Burgin noted that the unsustainable use of resources has many implications that directly and indirectly threaten the livelihoods and health and well being of all Vincentians.
“The indiscriminate cutting of trees not only leads to a loss of habitat for many animal species, it also leads to land degradation, soil erosion, floods and other disasters, as well as more concentration of carbon dioxide in the atmosphere. Land base sources of pollution are eventually deposited into the rivers and seas and affect the health of aquatic and marine ecosystems.

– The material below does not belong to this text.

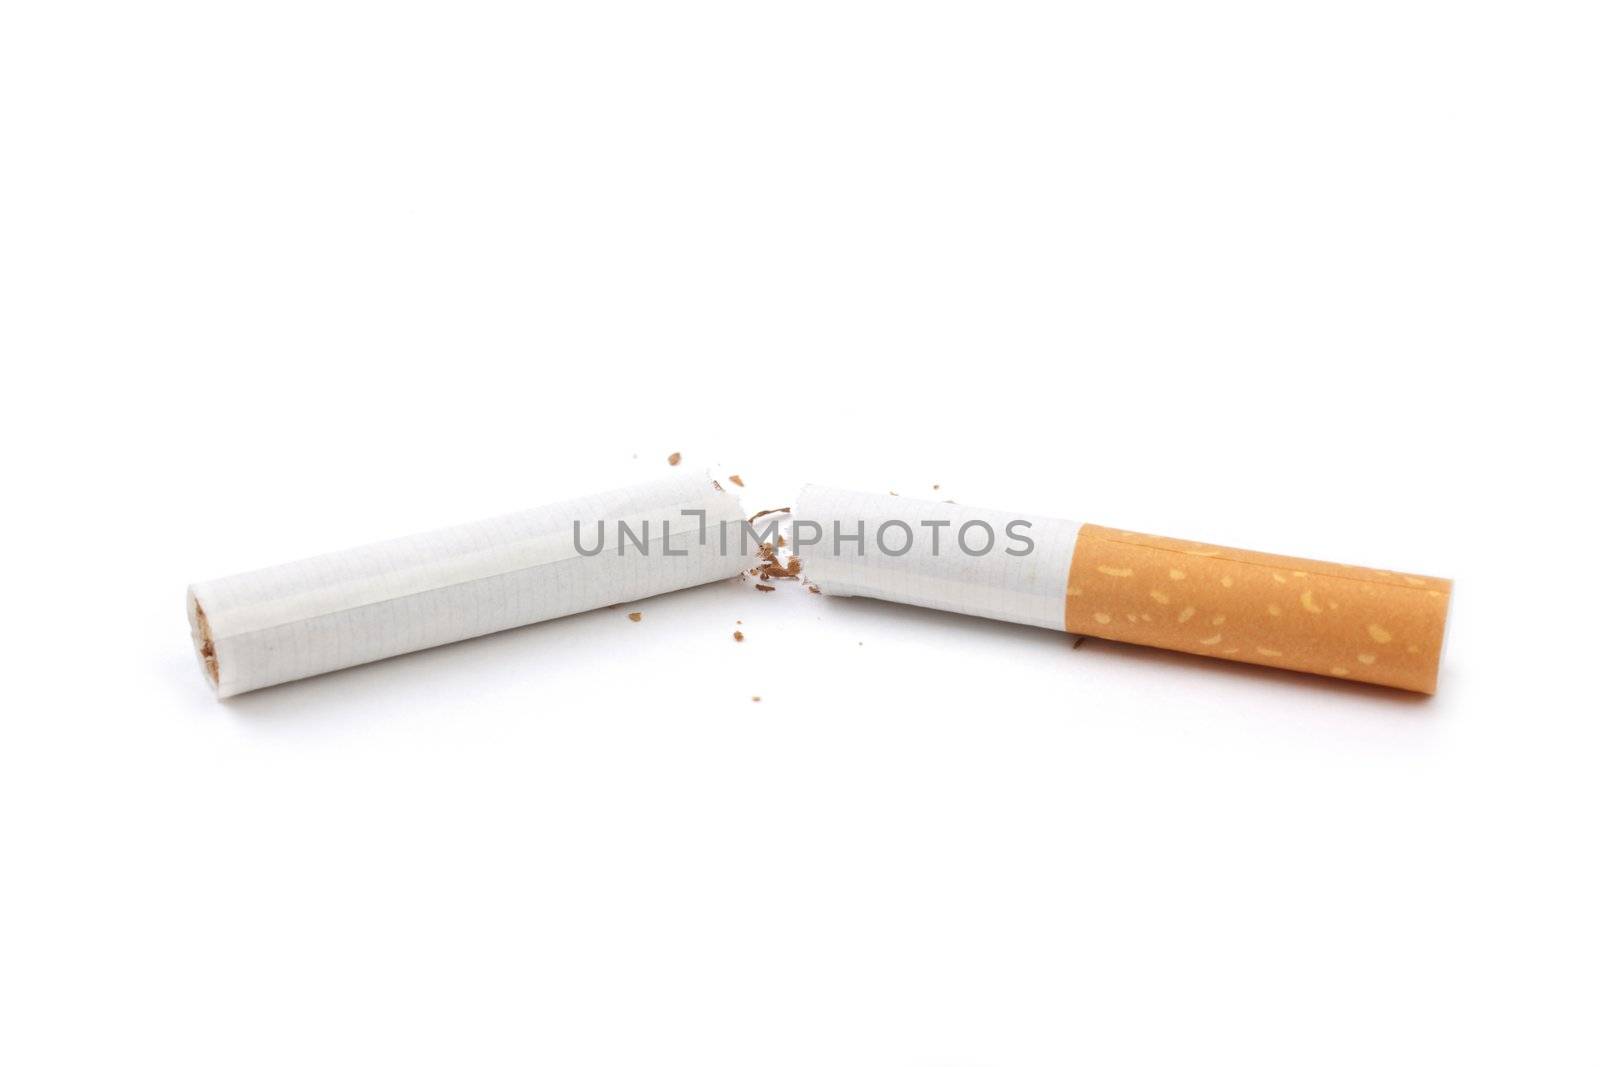 broken cigarette isolated on white background, focus on center

“The destruction of mangroves leaves shorelines vulnerable to storms and hurricane winds, waves, and floods. It also restricts its other functions such as helping to prevent erosion by stabilizing sediments with their tangled root systems, maintaining water quality and clarity, filtering pollutants and trapping sediments originating from land as well as serving as a nursery for young fishes, etc. These practical examples are seen on numerous occasions throughout the island.”
The minister said his ministry, through its National Strategy and Action Plan, is trying to combat the negative actions taken by some citizens in destroying the nation’s valuable biodiversity.
“By mainstreaming biodiversity conservation and management, we can move forward with a more holistic approach geared towards conservation,” he said.